Podohedriella

Scientific classification
- Kingdom: Plantae
- Division: Chlorophyta
- Class: Chlorophyceae
- Order: Sphaeropleales
- Family: Selenastraceae
- Genus: Podohedriella Hindák
- Type species: Podohedriella falcata (Duringer) Hindák
- Species: Podohedriella carpatica; Podohedriella falcata; Podohedriella recta;

= Podohedriella =

Genus of algae

Podohedriella is a genus of green algae in the family Selenastraceae. It is found in freshwater habitats or on damp wood.

==Description==
Podohedriella consists of single cells or colonies of two, four, or eight cells, which are attached by one end to a substrate. Cells are 17 to 50 μm long and 1.5 to 4 μm wide, and fusiform to crescent-shaped or sigmoidal in outline. Cells are heteropolar; the apical and basal ends are both pointed, but the apical ends are more sharply so.
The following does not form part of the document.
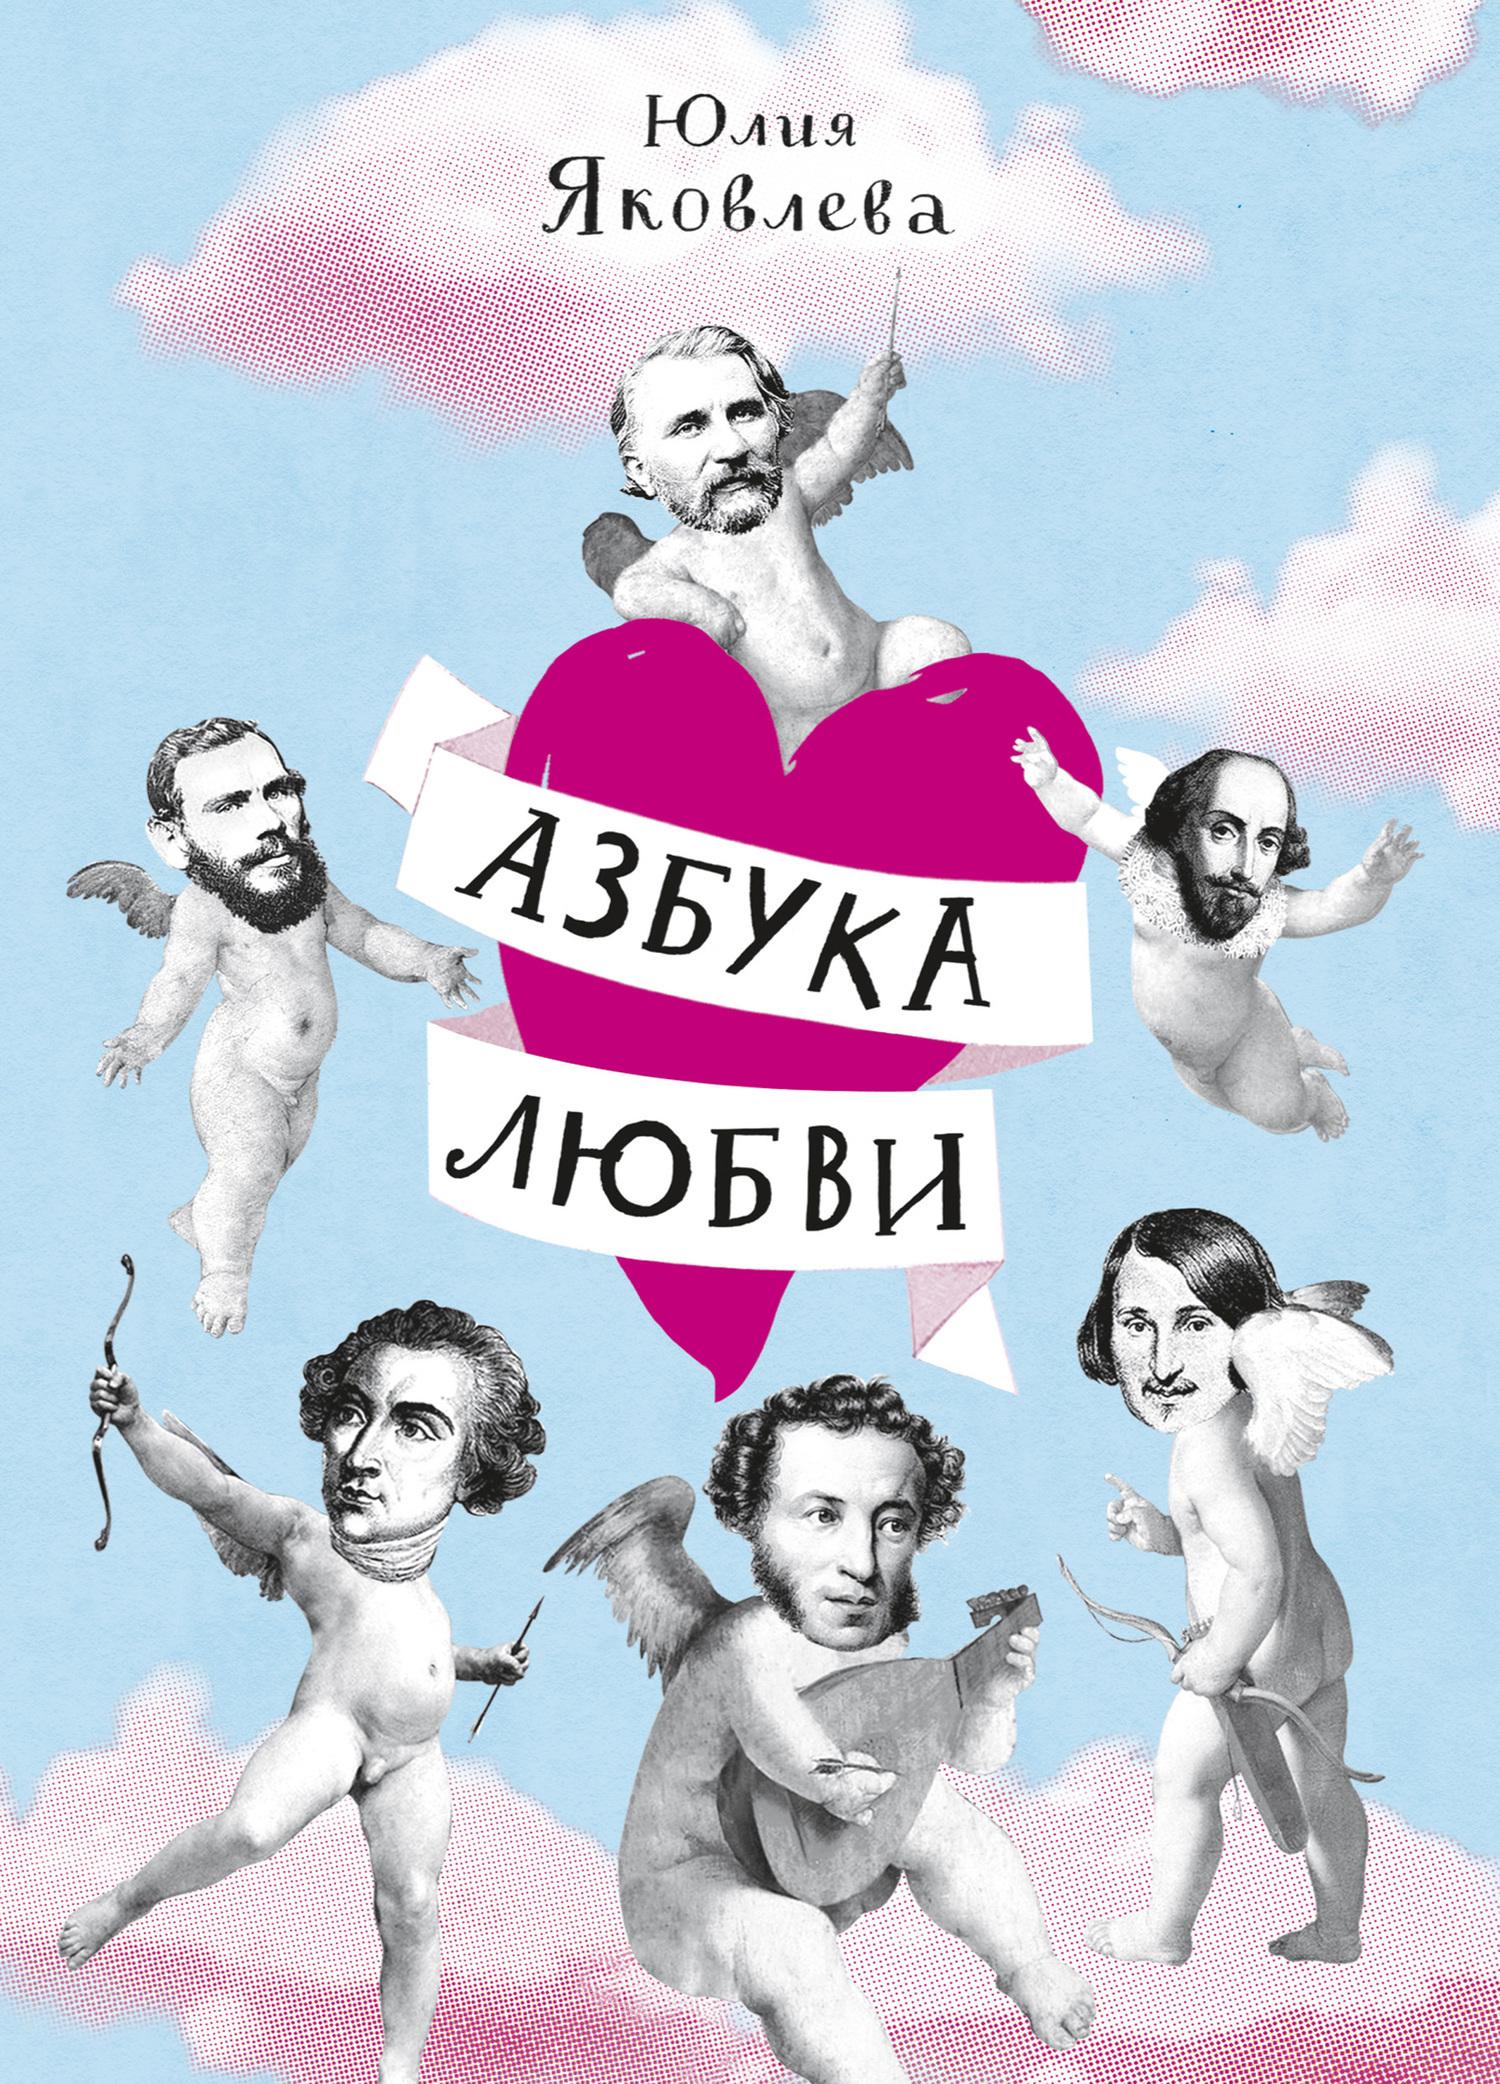 Юлия Яковлева - Азбука Любви

Cells contain a single nucleus and a single parietal chloroplast with pyrenoids; however, the pyrenoids lack a starch sheath.
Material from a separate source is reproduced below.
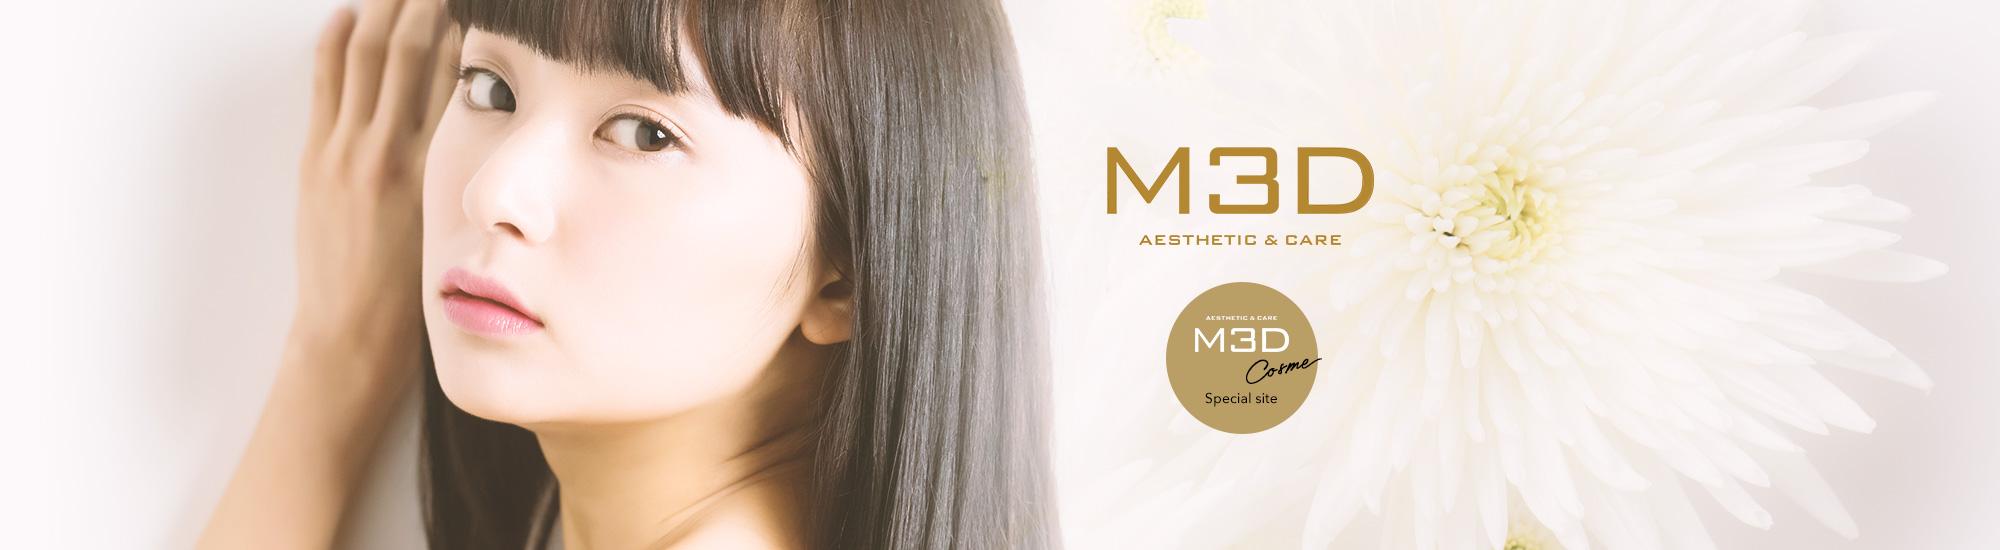 m3d_bnr

As with other algae in the family Selenastraceae, reproduction occurs exclusively via autospores.

==Taxonomy==
Podohedriella was circumscribed by the phycologist František Hindák in 1988. He separated Podohedriella from the genus Podohedra by the absence of a pyrenoid. Its autospores are also arranged in parallel (versus serially in Podohedra). The former characteristic is ambiguous; algae in the family Selenastraceae were often considered to lack pyrenoids. Pyrenoids are typically present, but may be impossible to view with light microscopy without staining.